Saturday, July 6, 2013

Tahoe Rim Trail: Relay Ridge and Relay Peak

TRT along Relay Ridge and Peak, northwest Nevada While many hikers climb Mt. Rose in the Carson Range for spectacular views of the Reno-Tahoe area, an ascend along the new section of the Tahoe Rim Trail (TRT) to the top of Relay Peak can be as rewarding. On a clear day, the Mt. Rose Trail can be crowded and you'll never be alone on Mt. Rose. On Relay Peak, there is a good chance that you will be there just by yourself or share this magnificent vista point with your hiking partner or group only. Relay Peak (elevation of 10,335 feet) is almost as high as the Mt. Rose Summit (elevation of 10,778 feet).

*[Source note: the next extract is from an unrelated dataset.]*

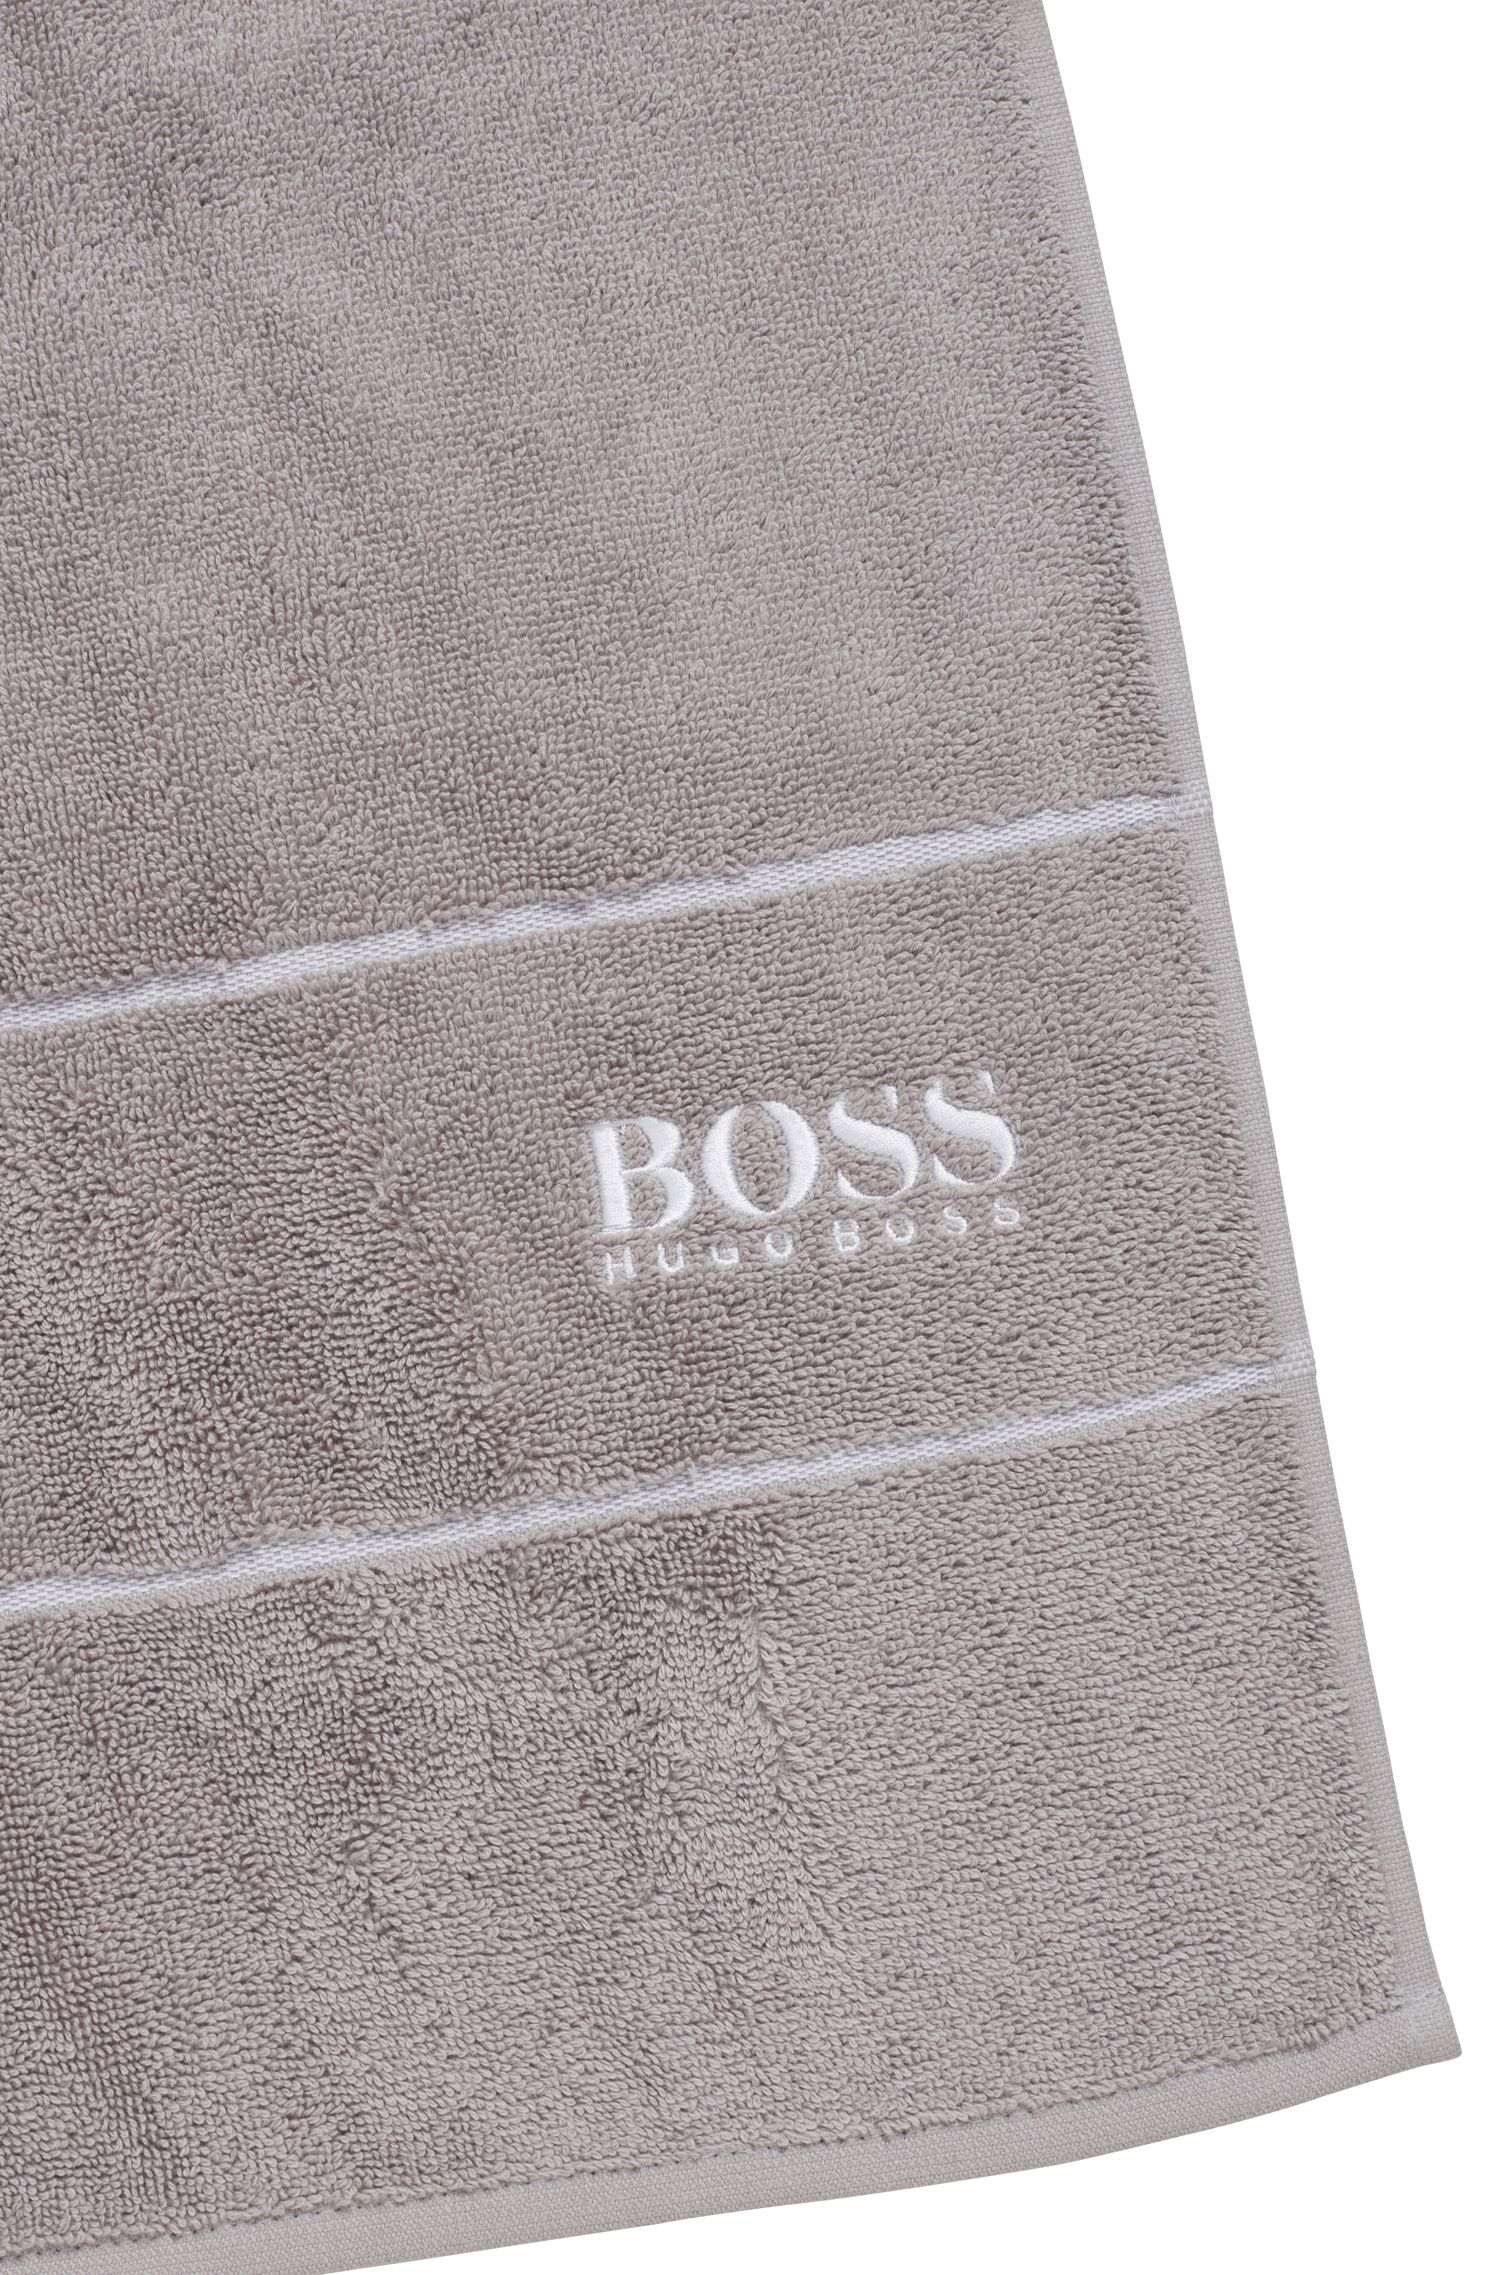 Finest Egyptian cotton bath towel with logo border, Dark Grey

TRT Relay Ridge and Relay PeakTo get onto Relay Peak, you want to leave the Mt. Rose Trail at the Tamarack Peak waterfall and follow the TRT. At the shown signpost—3.2 TRT miles away from Nevada's Mt. Rose Summit Trailhead along State Route 431 and 0.8 miles away from the waterfall—the TRT intersect with the dirt road section of the “old” loop trail around Tamarack Peak. From here, the recently opened, well-graded, two-mile-long ascend will take you into the Mt. Rose Wilderness west of the ridgeline with the AT&T relay microwave tower [1]:

While the top of the ridgeline provides an excellent location for receiving radio waves, it is unfortunate to see a large ugly tower in this incredibly beautiful location. Near the tower you reach a junction with a broad gravel road, which is still used by vehicles for administrative purposes.

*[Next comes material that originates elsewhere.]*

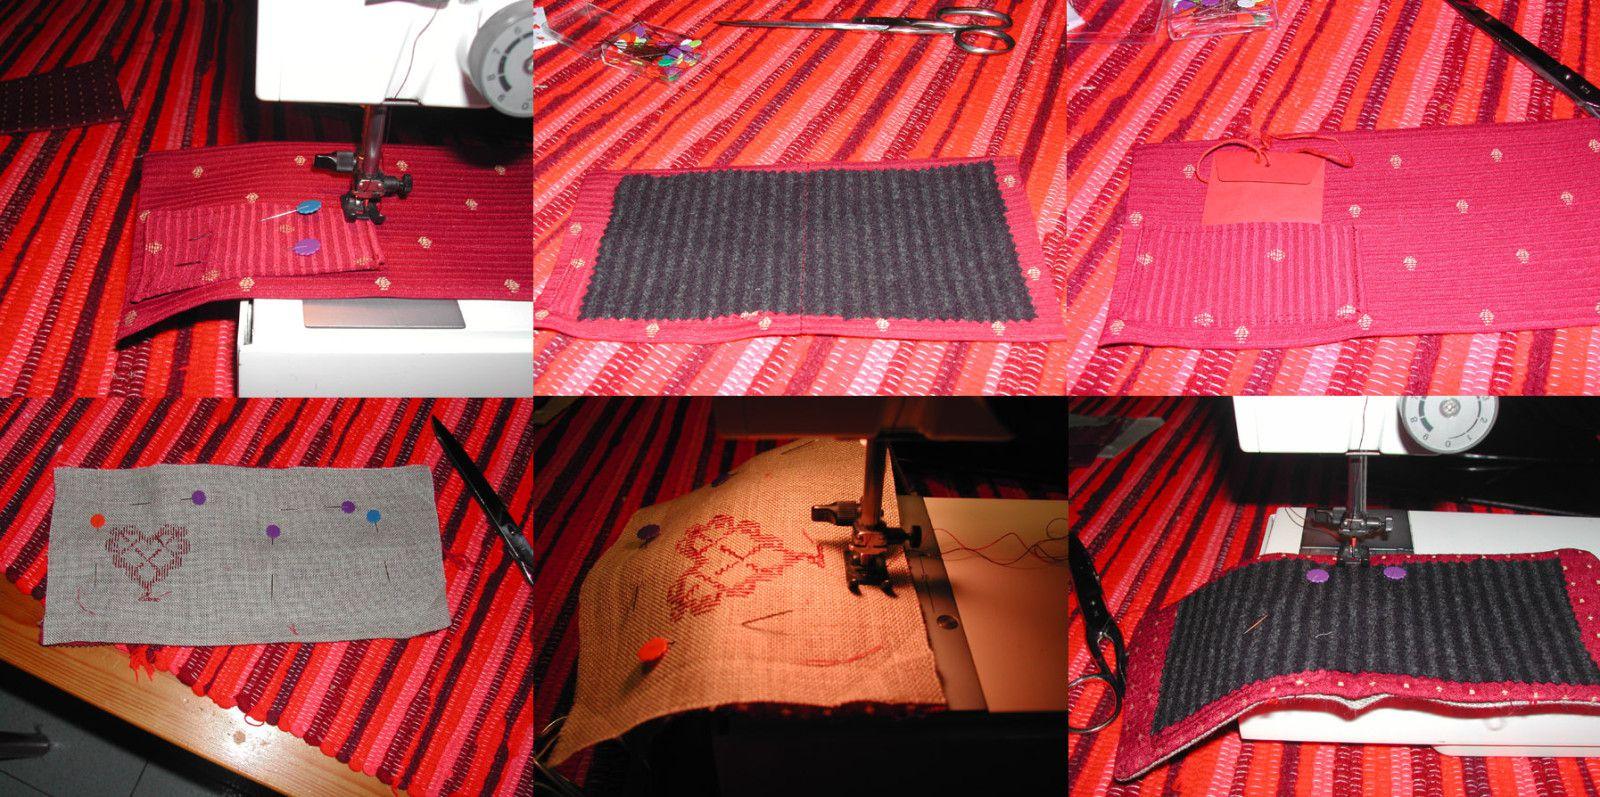 collage-portaaghi3-copie-1.jpg

In my opinion, the tower is not as ugly as that conglomerate of installations on Slide Mountain. However, the abandoned dirt road, leading to the tower and once “serving” as a TRT section, makes Tim Hauserman's past dissatisfaction with the hiking conditions between Frog Pond and the ridge (the 1.3 mi section) understandable. He wrote [1]:

I hope that eventually the Tahoe Rim Trail Association will be able to replace this long journey on a utility road with a trail. With the beautiful terrain in this bowl, a well-developed trail which switchbacks its way up to Relay Peak would be impressive.

His vision has finally come through. Now hikers may use the new 2.2 mi TRT section. Mountain bikers and horseback riders are not allowed and still need to travel the broad gravel road. The TRT route is an even longer journey, but along a large, scenic switchback, getting you close to Mt. Houghton in the north and then south to Relay Peak. Impressive, indeed!

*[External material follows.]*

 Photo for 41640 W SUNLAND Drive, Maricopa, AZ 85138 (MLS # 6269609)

Along the ridge, the single-track TRT skirts the relay tower on the west side: the top picture shows the trail, tower and Relay Peak in the background. The picture below shows the final ascend to Relay Peak. Along the ridge and on the peak, hikers have views of surrounding peaks, including Mt. Houghton, Mt. Rose, Slide Mountain and Rose Knob. Lake Tahoe is to the south. In northwest direction one is able to scan a large part of the Mt. Wilderness and see Truckee, Donner Lake and Castle Peak in the distance.

Keywords: trail planning, TRT, vista points, Relay Ridge.

[1] Tim Hauserman: The Tahoe Rim Trail. Wilderness Press, Berkeley, California, Fifth printing March 2004; page 110.